Existing tracers bind well to the type of tau deposits found in Alzheimer’s disease, which are composed of paired helical filaments made up of 3R and 4R tau strands. Most tau pathology in FTLD, however, consists of either pure 4R or pure 3R tau and, for unknown reasons, these don’t bind the current tracers well. In Munich, Boeve reported that five people with the N279K MAPT mutation, who are known to make 4R tau, weakly bound the tracer AV1451, with intensities falling within the range of binding in healthy control brains. By contrast, two people with the S305N MAPT mutation, who make 3R + 4R tau tangles, took up tracer at levels comparable to AD patients. In an overview talk, Brad Dickerson of Massachusetts General Hospital noted that the tracer THK5351 gives a slightly higher signal in 4R tauopathies than does AV1451, but still far below that seen in AD.
Moreover, AV1451 and THK5351 bind to things other than tau. They recognize still-unknown targets in the midbrain and basal ganglia in particular, confounding the signal from some types of FTLD that feature neurofibrillary pathology in those regions, such as PSP and corticobasal syndrome (CBS). Even more problematic, existing ligands light up brains that contain TDP-43 deposits. Thus, they cannot discriminate these two forms of the disease, Boeve noted. In addition, in autoradiography studies on postmortem tissue samples from FTLD brain, current tracers bind even more poorly than they do in living tissue. This puzzles researchers. Dickerson called the autoradiography data “underwhelming.”

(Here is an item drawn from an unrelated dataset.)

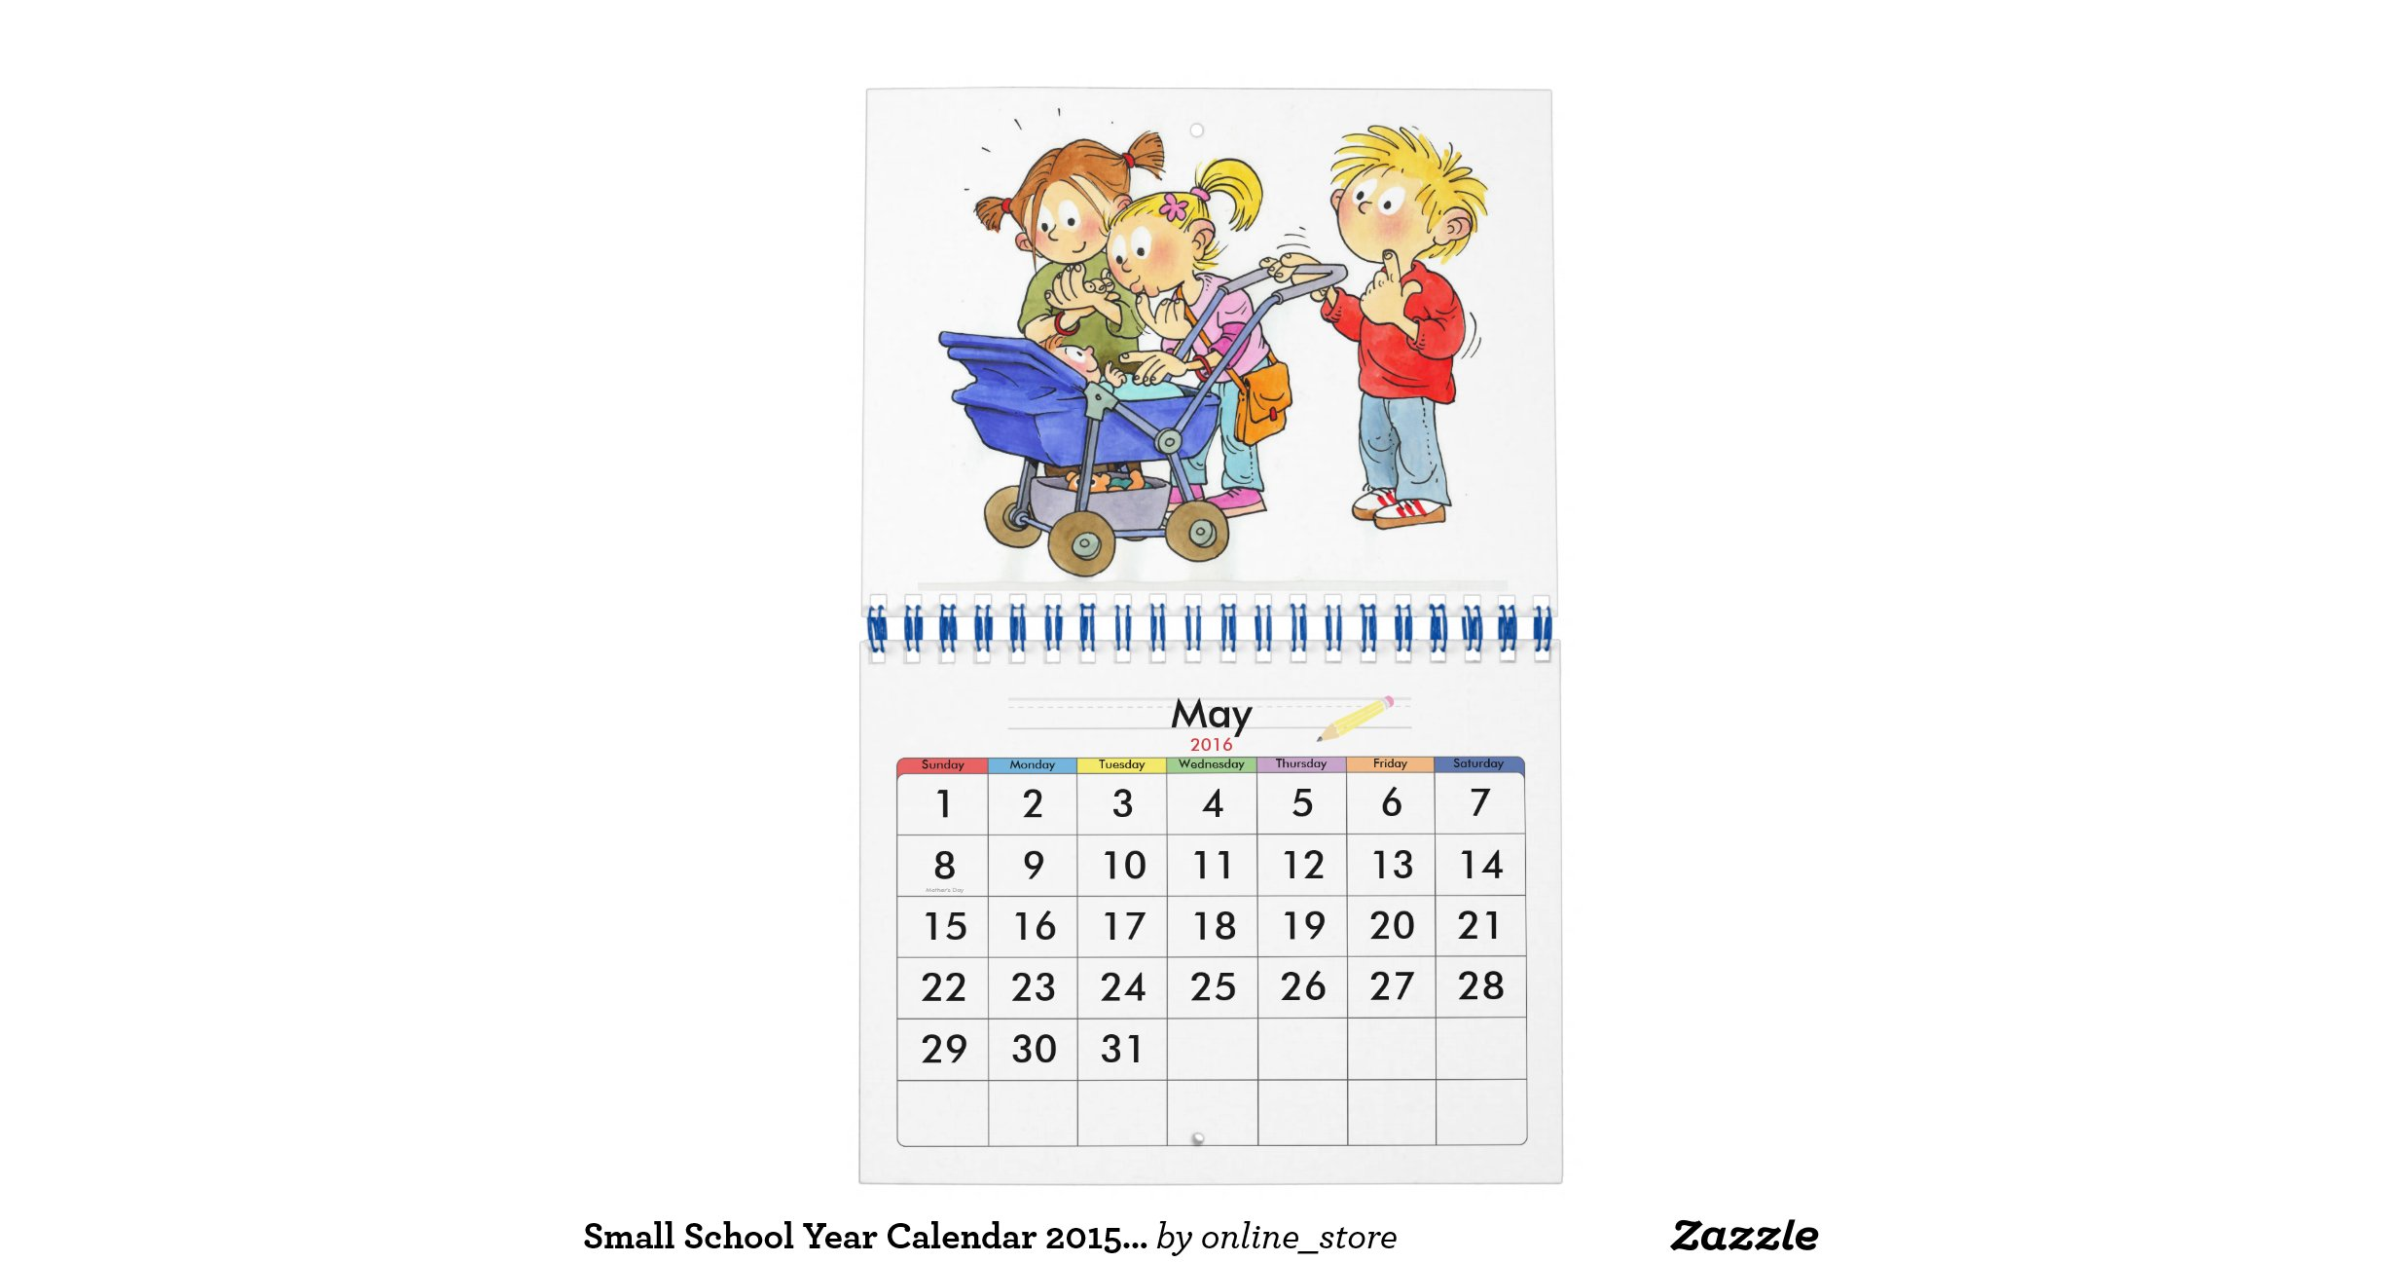 Year Calendar For Kids : Small school year calendar for kids zazzle

Are the existing tracers useful at all in FTD? Richard Tsai of the UCSF Memory and Aging Center reported that AV1451 uptake matched the expected patterns of tau or TDP-43 pathology in three bvFTD, 10 PSP, nine CBS, and six PPA patients, as well as six FTD mutation carriers and 24 controls (see image above). Corey McMillan of the University of Pennsylvania, Philadelphia, analyzed data from an AV1451 imaging study sponsored by AV1451’s maker, Avid Radiopharmaceuticals. He reported that an AV1451 uptake cutoff of 1.71 SUVR discriminated between 20 PSP patients and 20 controls with a sensitivity and specificity of 80 percent. However, binding was too weak to allow individual diagnosis, McMillan said, and CBS patients did not take up the tracer at all. Jennifer Whitwell of the Rochester Mayo Clinic reported a different pattern of AV1451 binding in logopenic PPA compared with semantic and agrammatic PPA, suggesting PET scans could help differentiate among the different aphasias. In one of the few studies examining THK5351, Sonja Schönecker of Ludwig-Maximilians University reported that this tracer differentiated 10 PSP patients from healthy controls and correlated with clinical severity.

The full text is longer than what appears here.